*** Block opens ***
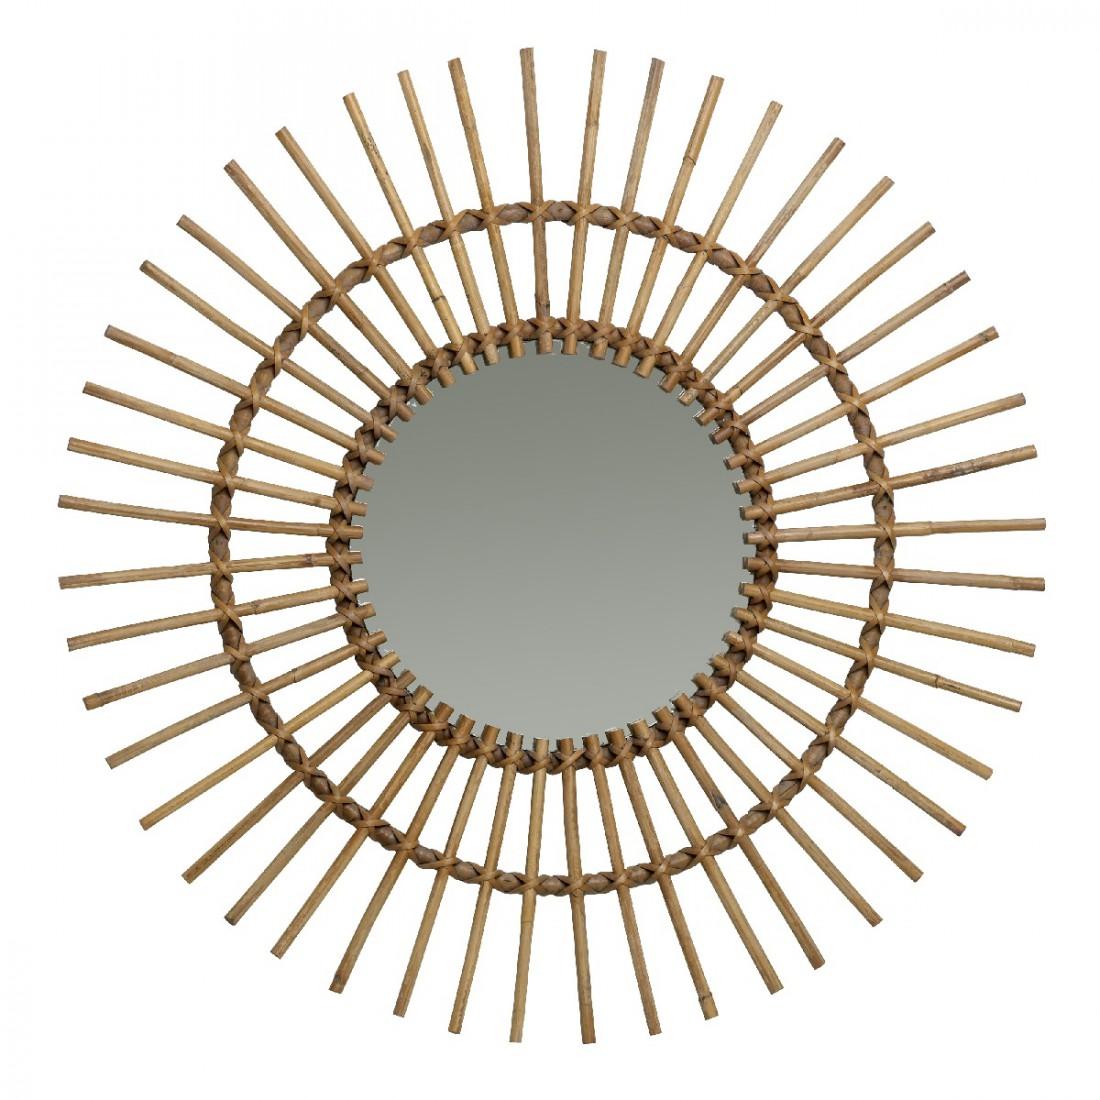 Miroir rotin naturel vintage soleil for Miroir soleil osier
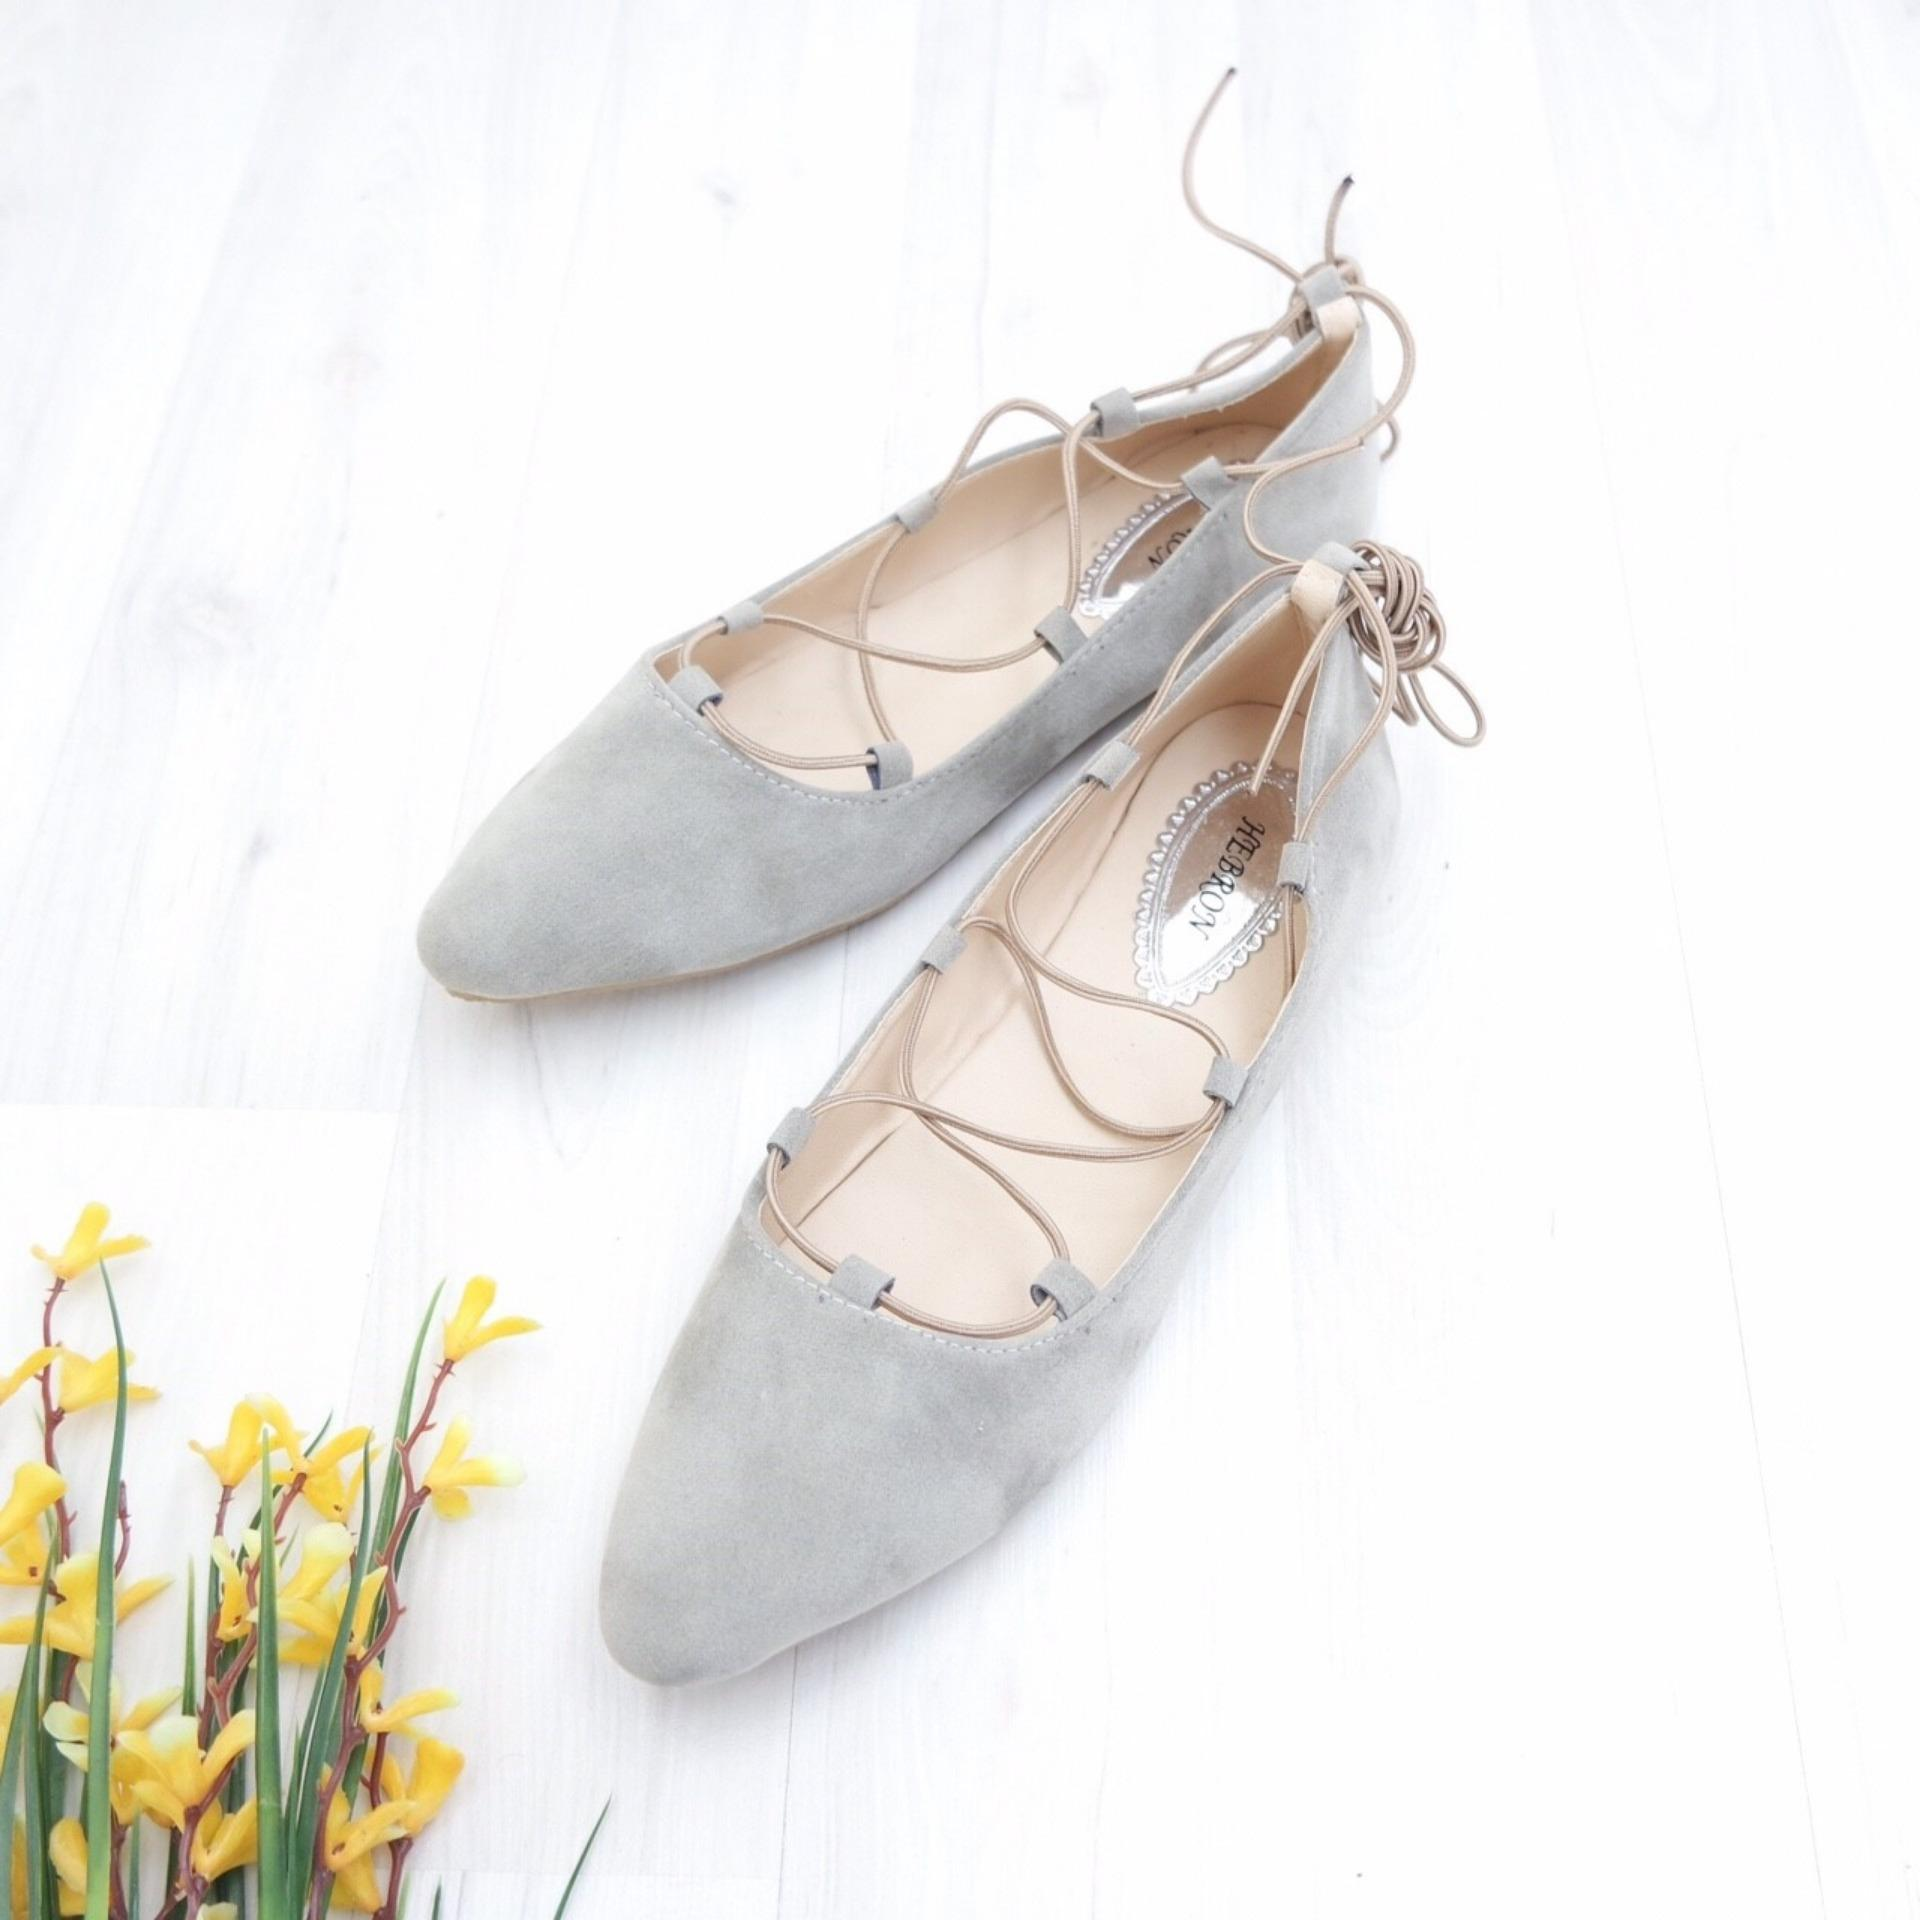 KelinciMadu-Ballerina Flatshoes-Grey .
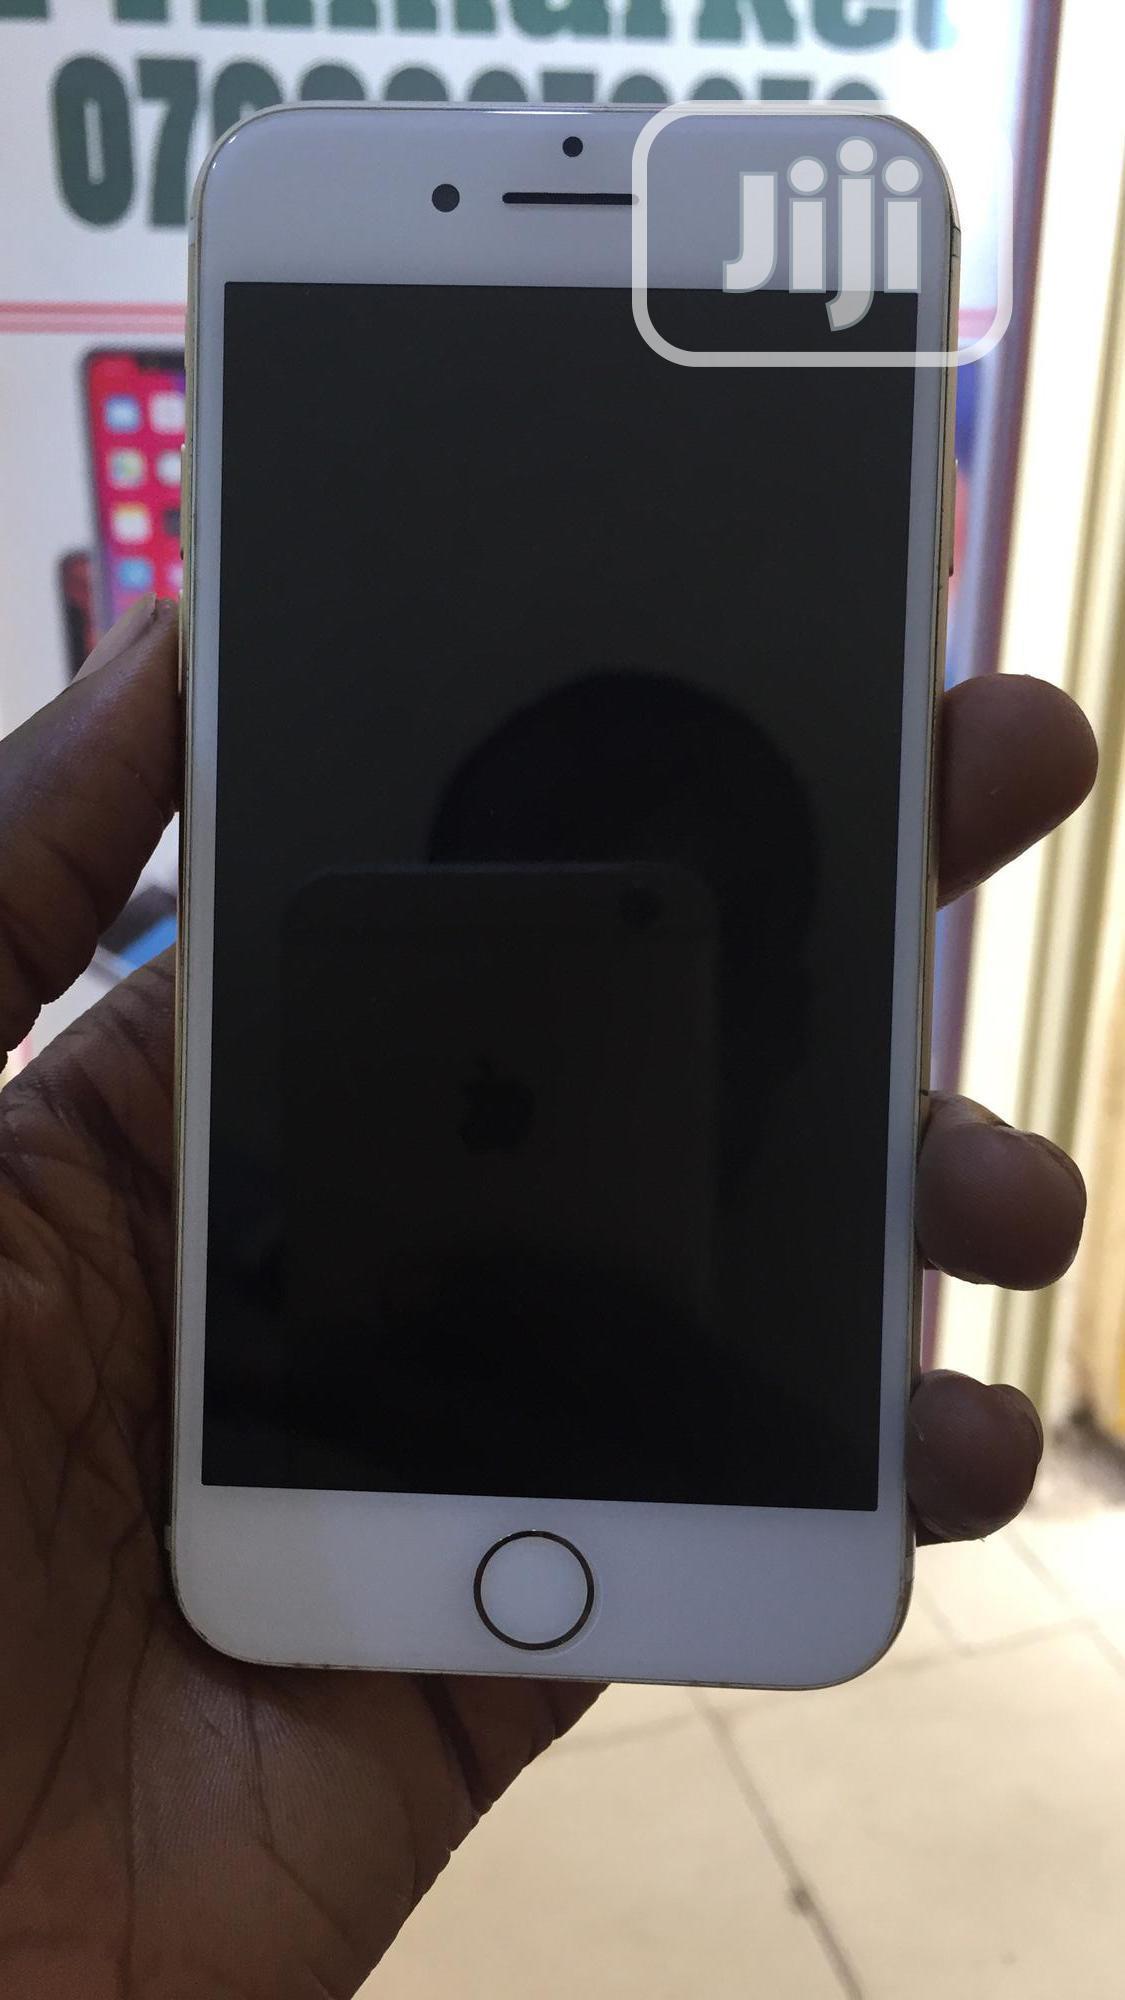 Apple iPhone 7 128 GB Silver | Mobile Phones for sale in Benin City, Edo State, Nigeria
*** Block closes ***
WHAT THE TASK ASKS:
Type the listing out again word for word, passing over each picture.

SOLUTION TO THIS PROBLEM:
 Miroir rotin naturel vintage soleil for Miroir soleil osier
 KelinciMadu-Ballerina Flatshoes-Grey .
 Apple iPhone 7 128 GB Silver | Mobile Phones for sale in Benin City, Edo State, Nigeria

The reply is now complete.